Pois, mas o que conta, o crescimento económico, competitividade, equilíbrio da balança,
redução da dívida pública, a promessa de sucesso e mais oportunidades, isso é que nem ver ou prometer. Uma empresa que
investe em Portugal, a promoção de um município, mais uma distribuição de
riqueza que foi retirada e realocada devidamente. Esta fantochada todos os
dias. Não há visão, não há plano, apenas repetição. Será a força da natureza,
inevitável e irreversível. Ninguém quer ouvir o discurso racional, pensar custa.
É cansativo ouvir algo sério e uma dura realidade.

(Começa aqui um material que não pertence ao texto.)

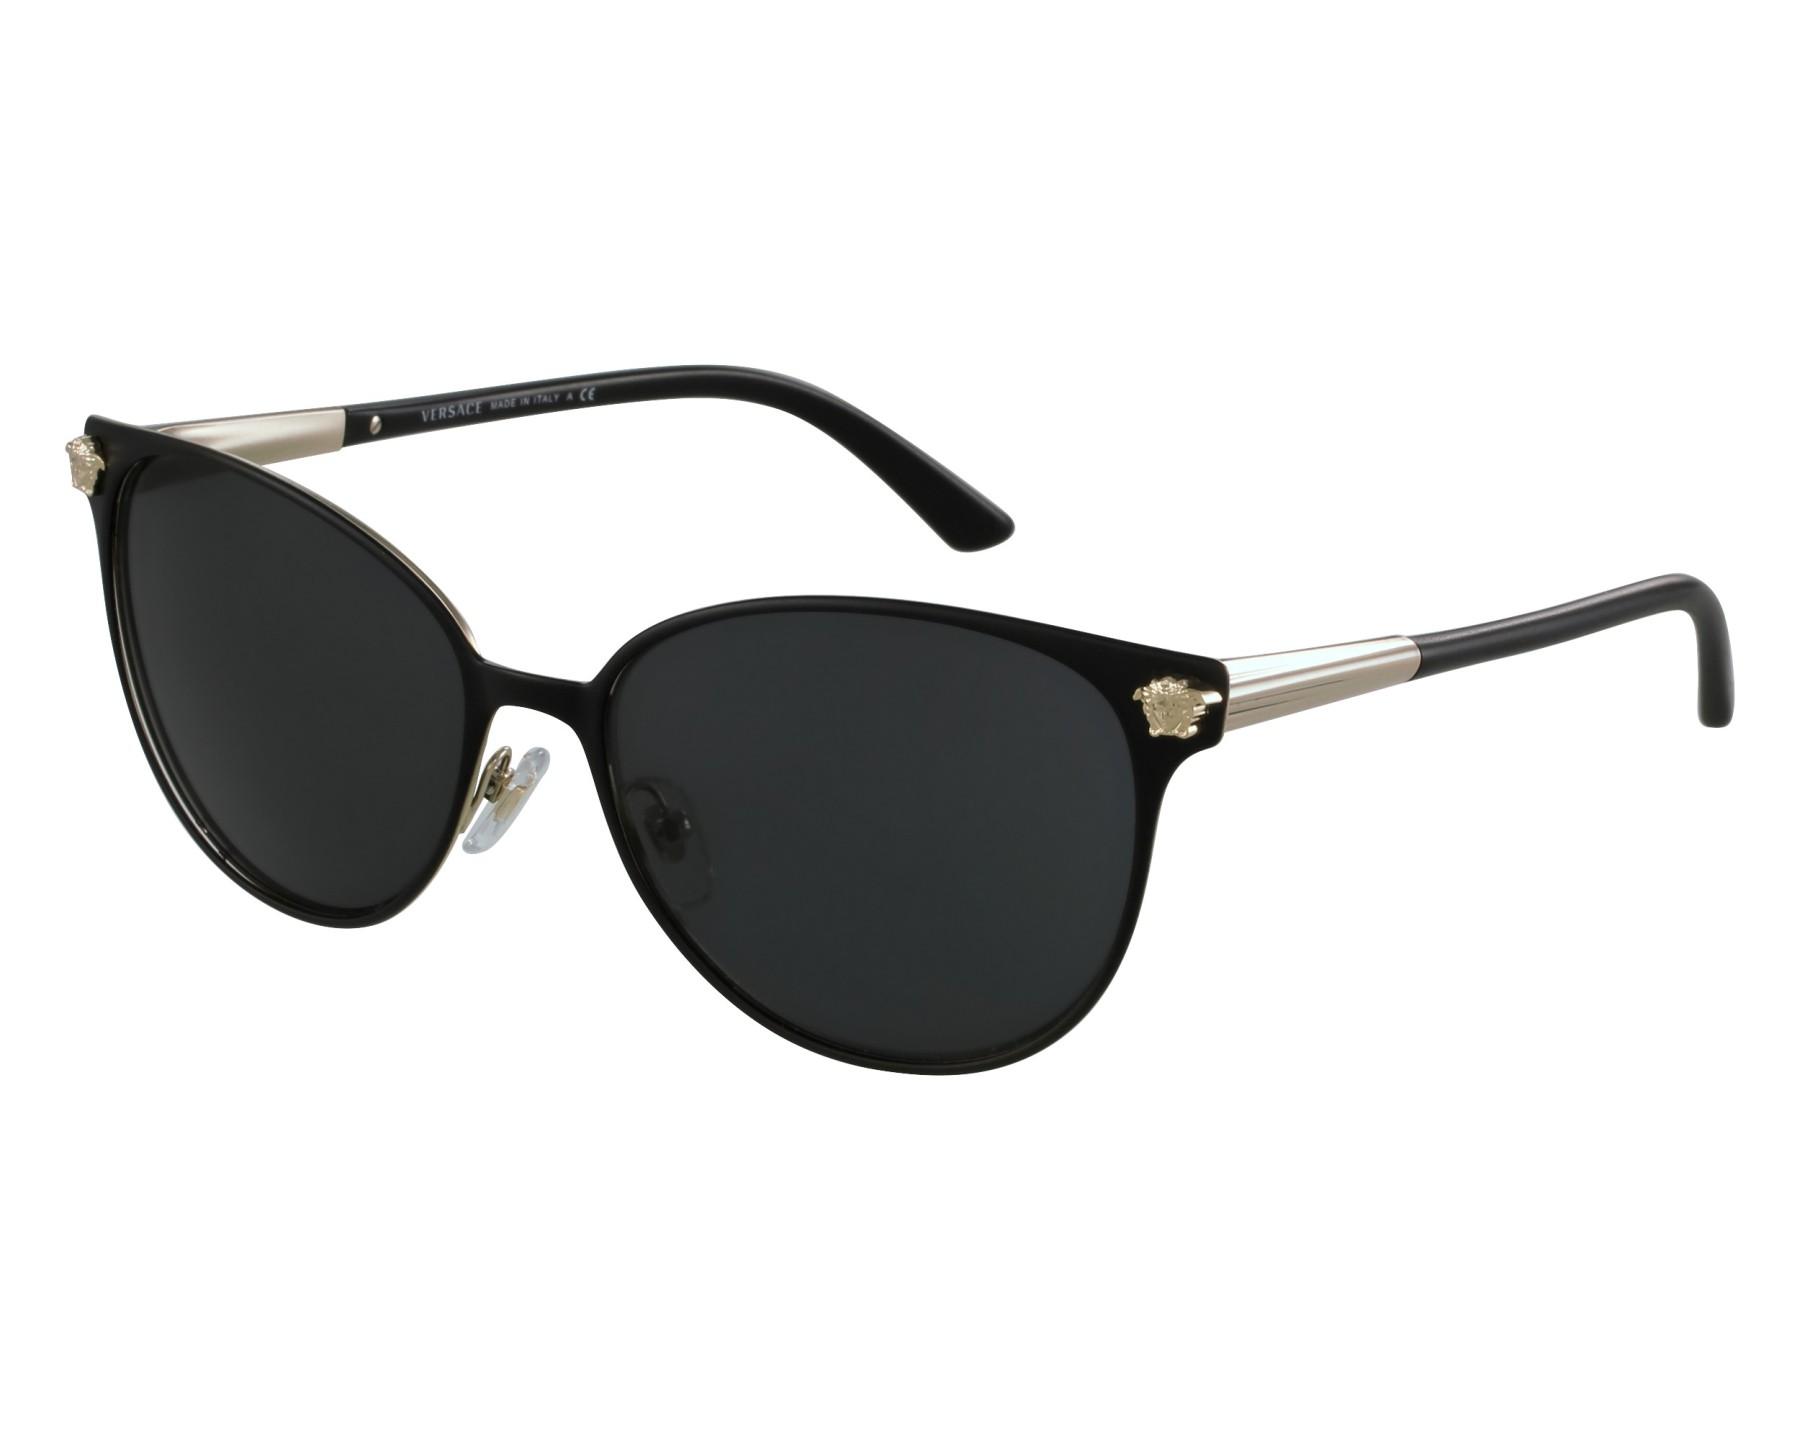 2d8f396a60 Gafas de sol Versace VE-2168 1377 87 57-16 Negra Oro vista

Que tal um pouco de tensão social, pulverizadas por umas
injustiças cruéis com uma síndrome de conspiração, seguido de promessas
improváveis. É a Reuters que o disse, não foi o gabinete do presidente que
publicou, citou uma fonte da Lusa, não foi o secretário de Estado que o
redigiu, seguiu-se uma festa e a paródia continuou. Sorrisos e fotos. Ninguém
quer saber se aguentamos uma crise, quem for a seguir que aperte o cinto. Não
temos ativos para vender ou mais rendimento disponível para tributar,
arranjamos sempre escravos para trabalhar, nacionalizamos umas empresas
corruptas geridas por nomeados, amigos e ex-governantes, limpamos a casa,
arranjamos um testa de ferro e um bode expiatório. São os de lá de fora e de
cor diferente da nossa. Foi aquela minoria e aquela maioria, não fomos nós.

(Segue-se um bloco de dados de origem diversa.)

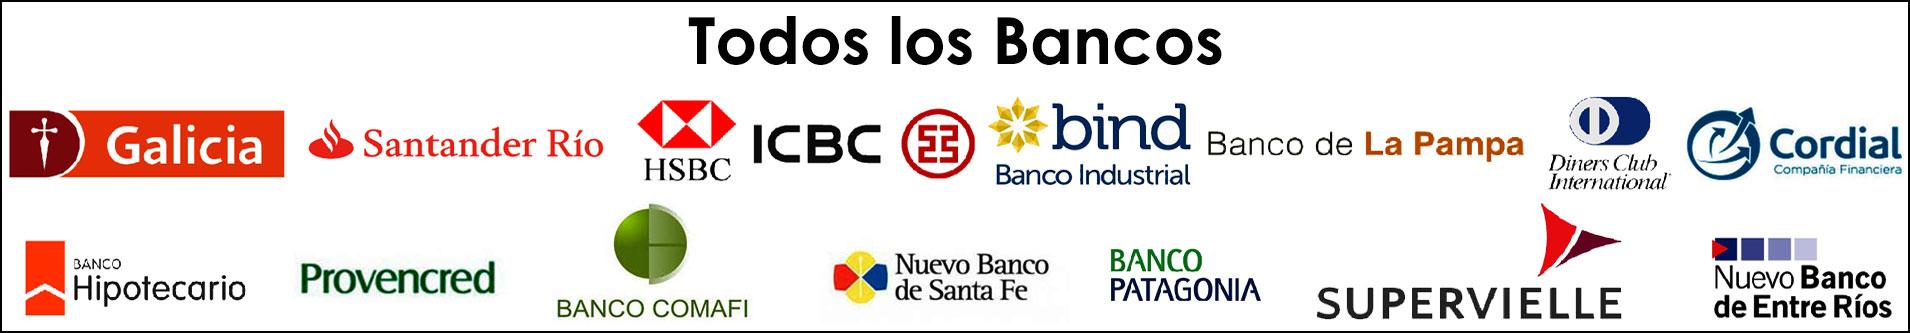 Slider-Mercadopago-Todos-los-Bancos.jpg

Sempre foi assim, aceita que dói menos. Vamos aceitar que andamos todos ao
mesmo, se fossemos nós faríamos igual, pior é quando somos nós que estamos por
baixo.
Assim, o que nos arrelia é estar por baixo, não é o mundo ser injusto ou haver
desequilíbrios. Isso são desculpas que arranjamos para nos irritarmos e para
lutarmos por poder, mais um subsídio, um aumento e um contrato mais seguro, uma
carreira automática, um benefício e um desconto, mais um incentivo e uma
isenção e que tal uma pensão. Viajamos para esquecer, lutamos no nosso lugar,
se fossemos nós não seríamos puros, não daríamos do que é nosso, não iriamos
trabalhar por nada, não nos iriamos sacrificar por outros que nada fariam por
nós. Se fossemos nós lixávamo-nos todos e os que viessem a seguir que
arrumassem a bagunça. O que nos lixa é perder, é nascer e começar a perder, é não ter
garantias de ganhar é saber que nos podem tirar, nos podem lixar. Isso é que
nos lixa a cabeça.
Então, arranjamos um grupo, um sindicato, um partido, uma empresa e
fazemos pressão pela verdade, pela justiça, nos meios de comunicação. Servimos
propaganda, mas da boa, daquela que serve os bons, os objetivos puros, aqueles
que são justos para nós. Vamos à TV e também à Rádio. Dizemos o que pensamos,
escrevemos publicações, enchemos as redes sociais de opiniões. Convencemos
amigos, repetimos as nossas ideias. Sem promessas de conseguir mais, mas com a
intenção de ter mais. Mais dinheiro, mais liberdade e mais futuro. Nós fazemos
isso, faríamos isso, como eles nos fazem a nós. É uma luta interminável pelo
nosso futuro, pelo domínio da nossa realidade, pela certeza, pela liberdade e
pela oportunidade.
Defendemos os pobres quando somos pobres, também defendemos
quando somos ricos porque eles são muitos. Defendemos os ricos sem o dizer,
mantemo-los sempre ricos e os pobres sempre pobres. Contamos histórias de
pobres que se tornam ricos, não dos ricos que se tornaram pobres, nem a dura
realidade que os primeiros são minorias da maioria e os segundos minorias da
minoria. São menores, somos indivíduos individualistas e egocêntricos que
procuram assegurar a sua sobrevivência e perpetuidade através dos outros. A
sociedade é um meio de ascensão, não é um fim.